Researchers have identified a plausible geological setting in which nucleic acids, the fundamental building blocks of genetic material, could have replicated on their own, potentially giving rise to life on Earth.
The study, published as a reviewed preprint in the journal eLife, shows how a simple interaction between gas flow and water in a narrow rock channel could create the physical conditions necessary for nucleic acid replication.
The work offers insights that may interest scientists exploring the origins of life as well as applications in nucleic acid research and diagnostics.
The emergence of life on Earth remains a mystery, but one prevailing theory is that the replication of nucleic acids – DNA and RNA – was a crucial process.
RNA can store genetic information and catalyze its own replication, which would allow it to mutate, evolve, and adapt to different environments, eventually encoding the proteins essential for life.
However, for RNA to replicate, the strands must not only form double-stranded helices but also separate again to continue the replication cycle. Strand separation is difficult under high salt and nucleic acid concentrations, which are necessary for replication.
“Various mechanisms have been studied for their potential to separate DNA strands at the origin of life, but they all require temperature changes that would lead to degradation of nucleic acids,” explained lead author Philipp Schwintek, a PhD student in systems biophysics at Ludwig-Maximilians-Universität München in Germany.
Schwintek and his team investigated a geological scenario where water movement through a rock pore is dried by gas percolating through the rock, a setting that would have been common on volcanic islands during early Earth. They hypothesized that this environment could enable nucleic acid synthesis.

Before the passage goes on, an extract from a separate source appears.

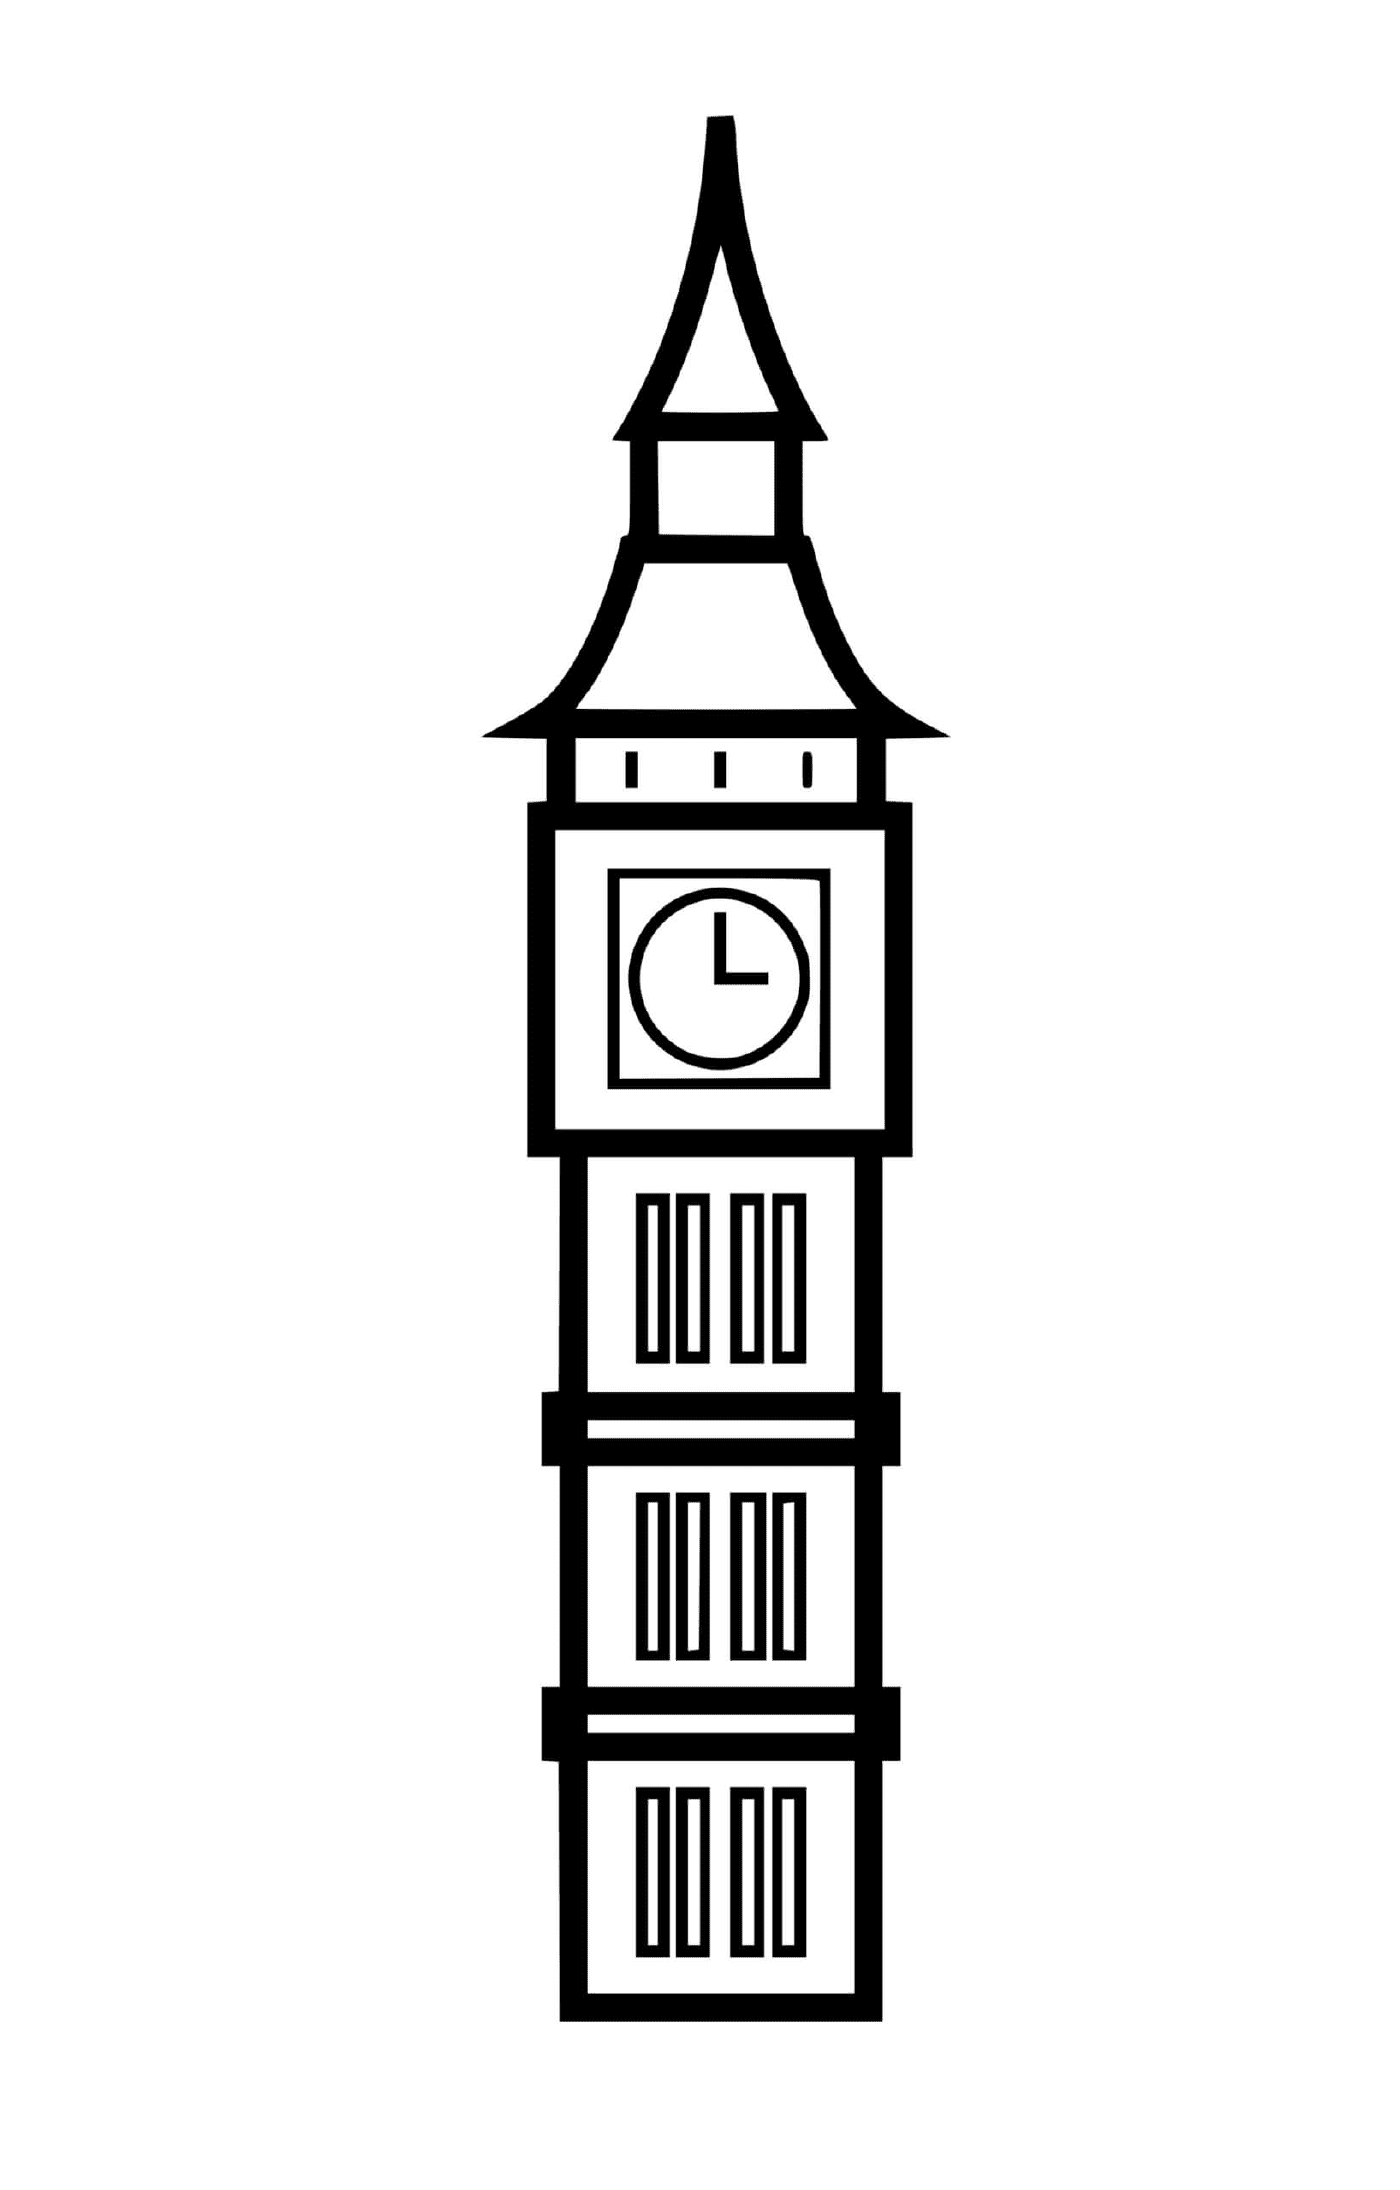   Big Ben la tour horloge du palais

The researchers built a laboratory model of a rock pore with water flowing upwards and evaporating at an intersection with a perpendicular gas flow.

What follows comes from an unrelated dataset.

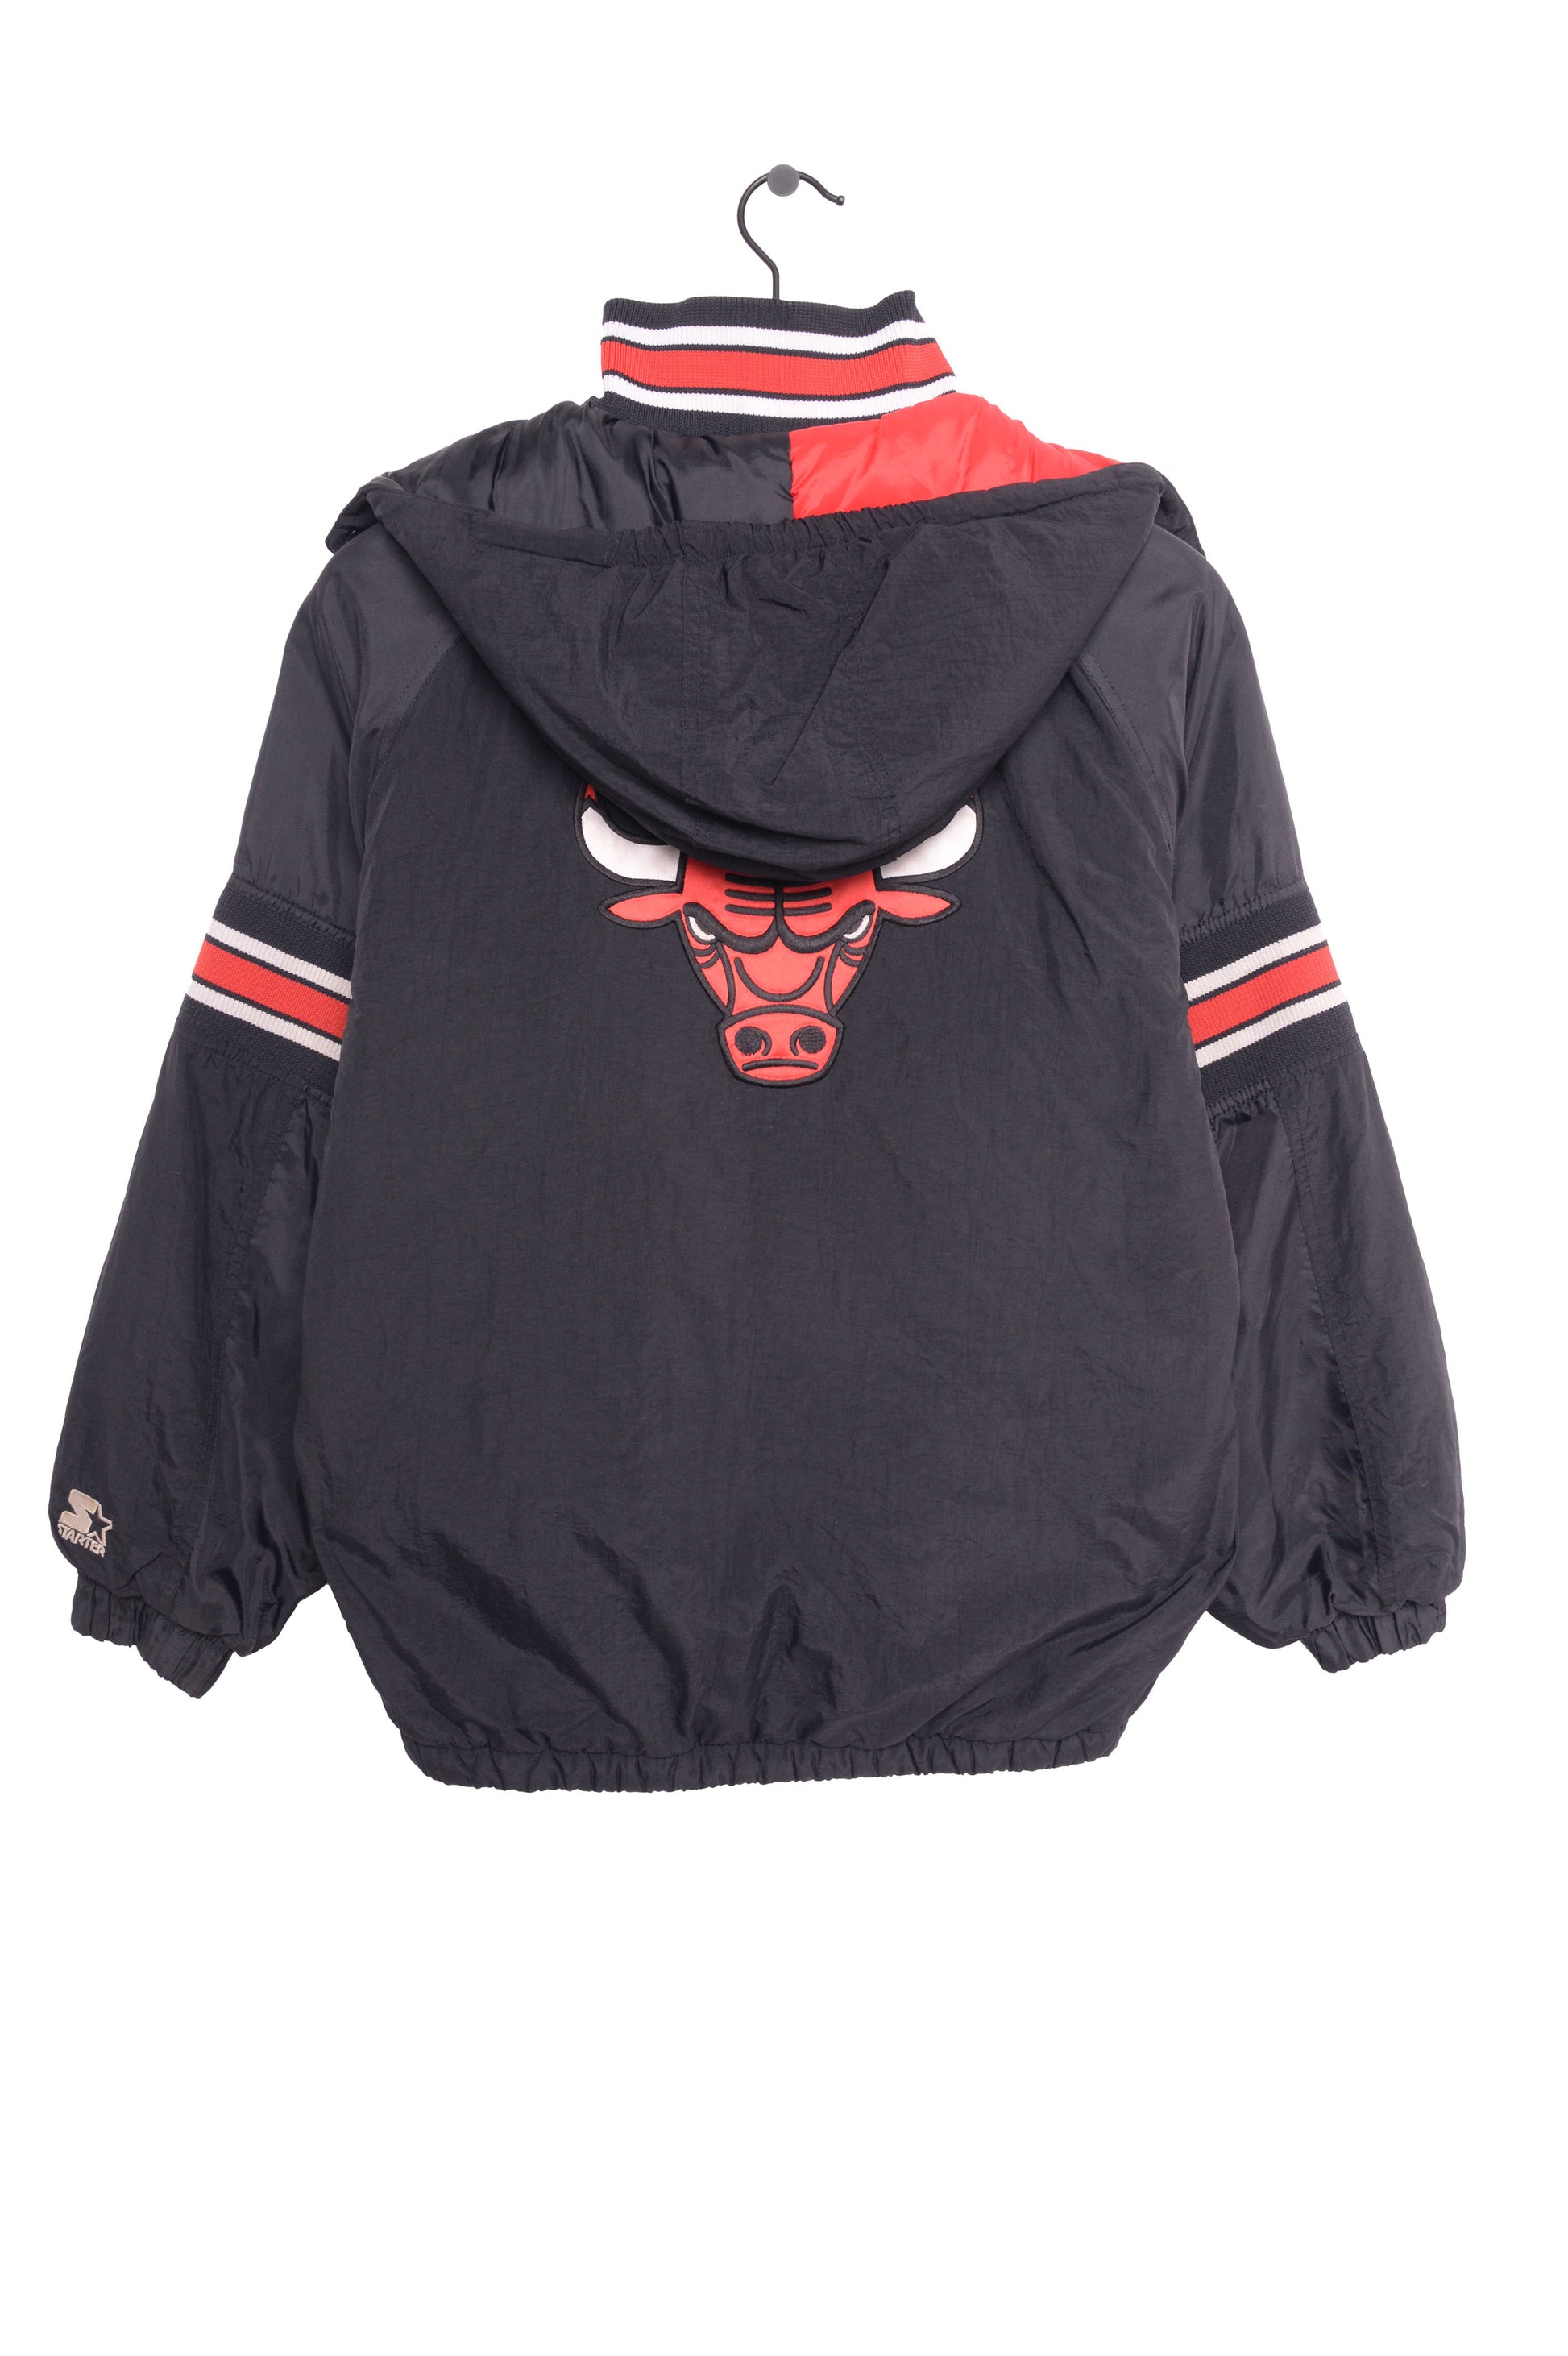 Vintage 90s Chicago Bulls Starter Jacket with Fur Lined Hood

This interaction created circular currents in the water, potentially leading to the accumulation of dissolved gas molecules and nucleic acids near the surface.

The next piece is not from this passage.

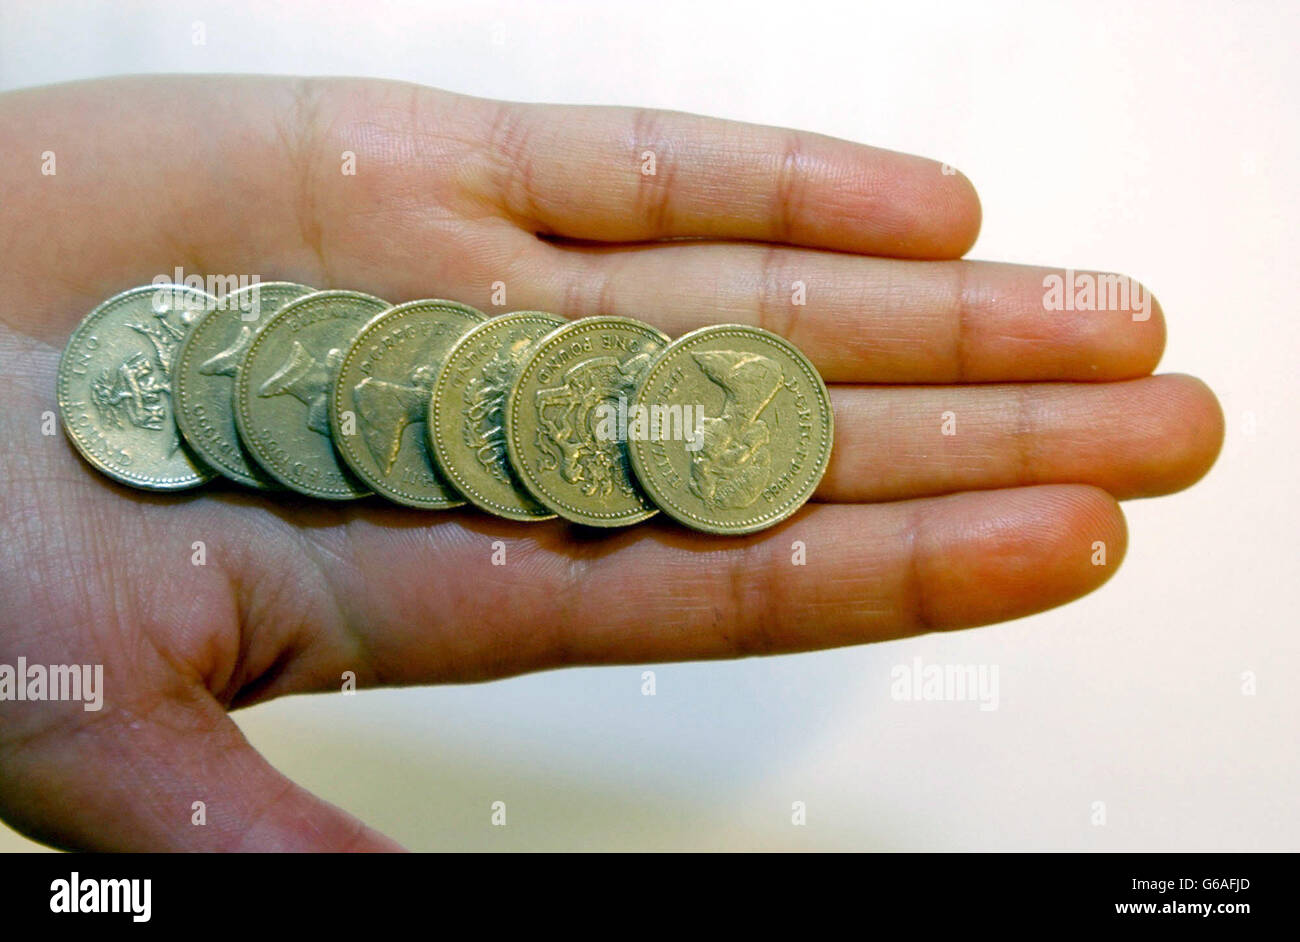 Britische Währung - 1 Münzen. Stock Bild der englischen One Pound Coins. Stockfoto

To test their hypothesis, the team used beads to monitor water flow and tracked the movement of fluorescently labeled short DNA fragments.
“We found that water continuously evaporated at the interface, but the nucleic acids in the aqueous face accumulated near the gas/water interface,” Schwintek said.
Within five minutes, there was a threefold accumulation of DNA strands, which increased thirtyfold after an hour.
While this suggests that nucleic acids could concentrate enough for replication, the separation of double-stranded DNA is still necessary.
Typically, temperature changes drive this process, but the researchers proposed that fluctuations in salt concentration, driven by the circular flow of water, could achieve the same effect.
To test this, the team used FRET spectroscopy to measure DNA strand separation. A high FRET signal indicated that DNA strands were still bound, while a low signal suggested that the strands had separated.
Initially, FRET signals were high near the gas-water interface, but as the experiment continued, they dropped, indicating single-stranded DNA.
The team also observed that fluctuations in salt concentration, caused by the vortex at the gas-water interface, played a role in separating the strands. While nucleic acids and salts accumulated near the interface, concentrations remained low in the bulk of the water.
Next, the researchers tested whether nucleic acid replication could occur in this environment by adding fluorescently labeled nucleic acids and an enzyme to synthesize double-stranded DNA.
After two hours, they detected an increase in fluorescence, signaling the creation of more double-stranded DNA molecules. When the gas and water flow were halted, no such increase was observed, indicating that replication relied on the dynamic conditions of the environment.
“In this work, we investigated a plausible and abundant geological environment that could trigger the replication of early life,” said senior author Dieter Braun, a professor of systems biophysics at Ludwig-Maximilians-Universität München.
“We considered a setting of gas flowing over an open rock pore filled with water, without any change in temperature, and found that the combined gas and water flow can trigger salt fluctuations which support DNA replication.”
“Since this is a very simple geometry, our findings greatly extend the repertoire of potential environments that could enable replication on early planets.”